Montgomery County, locally also referred to as Montco, is a county located in the Commonwealth of Pennsylvania. As of the 2010 census, the population was 799,874, making it the third-most populous county in Pennsylvania, after Philadelphia and Allegheny Counties. The county seat is Norristown. Montgomery County is very diverse, ranging from farms and open land in Upper Hanover to densely populated rowhouse streets in Cheltenham.

***911 Calls***

Created by Congress in 2004 as the 911 Implementation and Coordination Office (ICO), the National 911 Program is housed within the National Highway Traffic Safety Administration at the U.S. Department of Transportation and is a joint program with the National Telecommunication and Information Administration in the Department of Commerce.

***Feature Columns***
    
* **lat:** String variable, Latitude
* **lng:** String variable, Longitude
* **desc:** String variable, Description of the Emergency Call
* **zip:** String variable, ZIP Code
* **title:** String variable, Title of Emergency
* **timeStamp:** String variable, Date and time of the call, YYYY-MM-DD HH:MM:SS
* **twp:** String variable, Township
* **addr:** String variable, General Address
* **e:** String variable, Dummy variable, Index column (always 1)

## 2.1 Imports

In [None]:
# data analysis and wrangling
import pandas as pd
import numpy as np
import random as rnd

# visualization
import seaborn as sns
import matplotlib.pyplot as plt
%matplotlib inline

## 2.2 Get the Data
The Python Pandas packages helps us work with our datasets. We start by acquiring the datasets into Pandas DataFrames.

In [None]:
df = pd.read_csv('../input/montcoalert/911.csv')

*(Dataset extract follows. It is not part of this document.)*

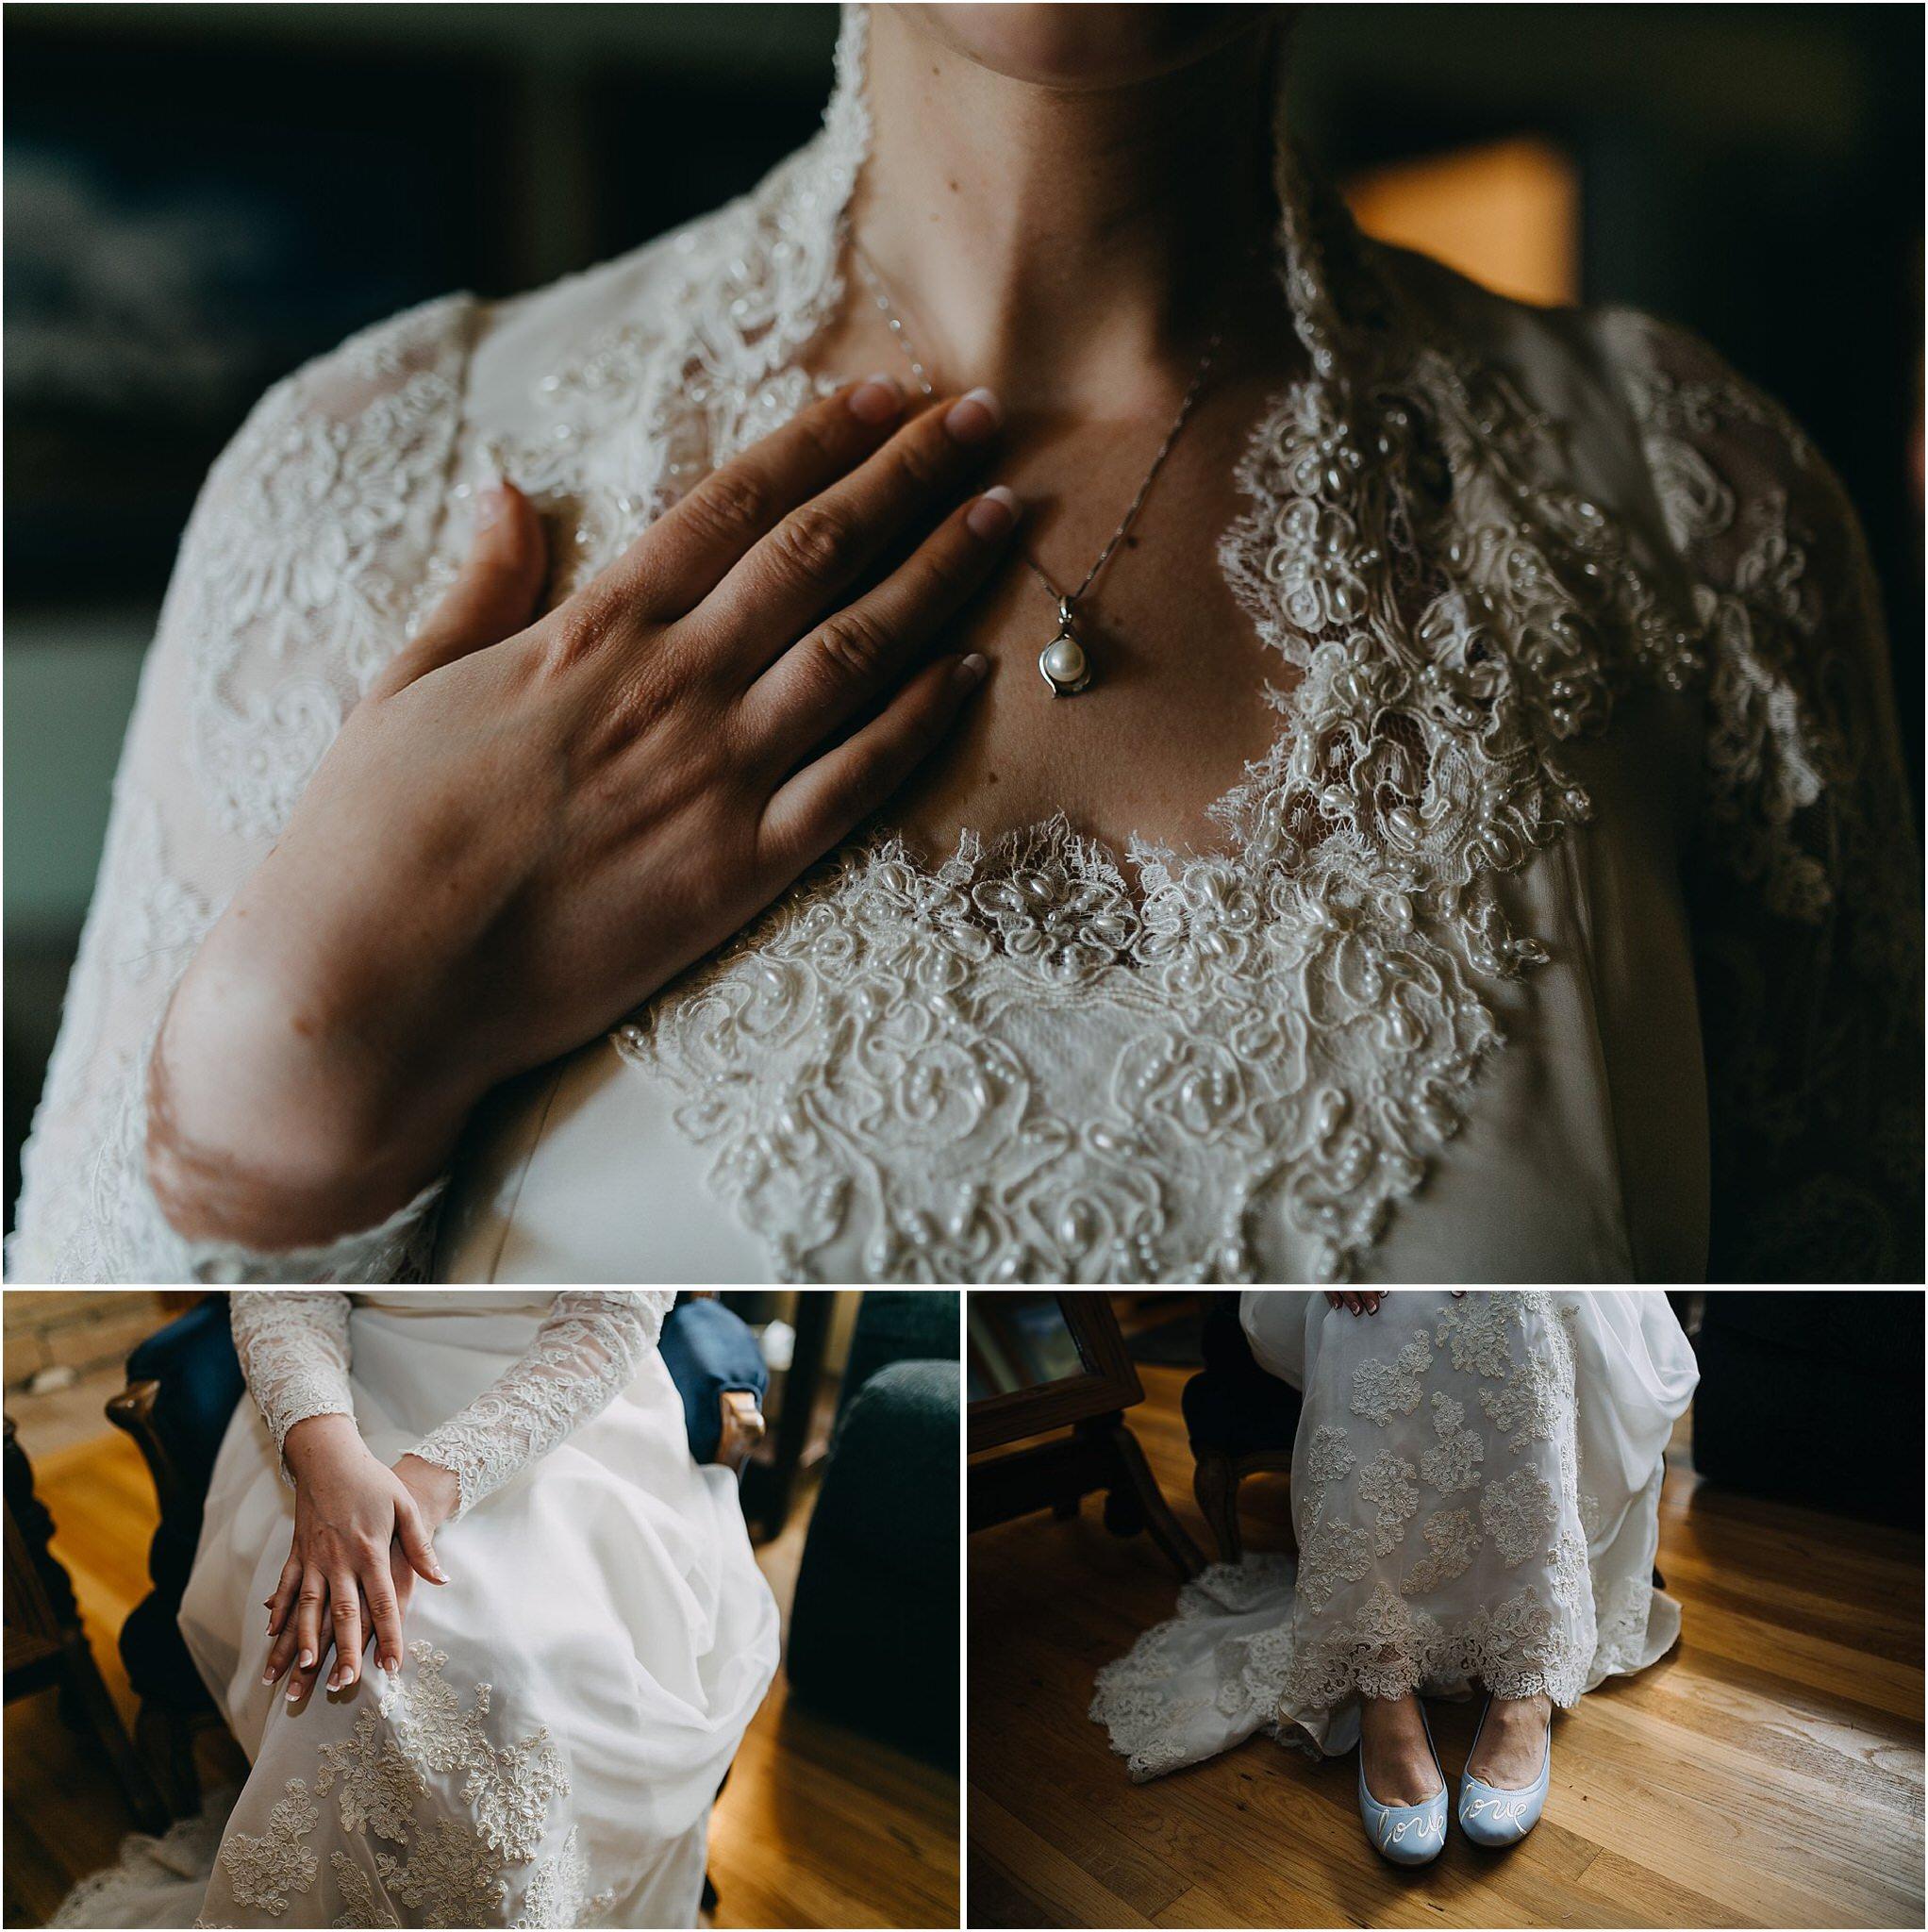 katy-robin-married-in-mukilteo-wedding9.jpg

## 2.3 Analyze by describing data
Pandas also helps describe the datasets answering following questions early in our project.

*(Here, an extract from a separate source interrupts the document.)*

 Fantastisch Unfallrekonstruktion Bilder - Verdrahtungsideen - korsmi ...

***Which features are available in the dataset?***

In [None]:
print(df.columns.values)

***How many rows and columns does the dataset have?***

In [None]:
print('Rows     :',df.shape[0])
print('Columns  :',df.shape[1])

***Which features are categorical?***

* Categorical: desc, zipcode, title, twp, addr, e.

***Which features are numerical?***

* Continous: lat, lng.
* Discrete: timeStamp.

In [None]:
# preview the data
df.head()

### Dropping column e

In [None]:
df = df.drop('e',axis=1)

***Which features contain blank, null or empty values?***

We can check for missing values with pandas isnull(). This indicates whether values are missing or not. Then we can sum all the values to check every column.
* There are 80492 missing values in the dataset. 
* For the purpose of this notebook it is not necessary to drop or fill the missing values, as we will only do a visual alanlizis.

In [None]:
# missing values
print('Missing values:',df.isnull().values.sum())

df.isnull().sum()

***What are the data types for various features?***

Three features are floats and five are objects. 

In [None]:
df.info()

***How many zip codes does the dataset have?***

In [None]:
df['zip'].nunique()

***What are the top 5 zip codes for 911 calls?***

In [None]:
df_zip = pd.DataFrame(df['zip'].value_counts().head(5))
df_zip.rename(columns = {'zip':'Top 5'}, inplace = True)
df_zip.style.background_gradient(cmap='Blues')

**What are the top 5 townships (twp) for 911 calls?**

In [None]:
df_twp = pd.DataFrame(df['twp'].value_counts().head(5))
df_twp.rename(columns = {'twp':'Top 5'}, inplace = True)
df_twp.style.background_gradient(cmap='Greens')

***How many unique title of emergency codes are there?***

In [None]:
df['title'].nunique()

<a id="ch3"></a>
# 3. Creating new features
<hr/>

### Reason feature
In the titles column there are "Reasons/Departments" specified before the title code. These are **EMS, Fire, and Traffic.** We are going to use `.apply()` with a custom lambda expression to create a new column called "Reason" that contains this string value.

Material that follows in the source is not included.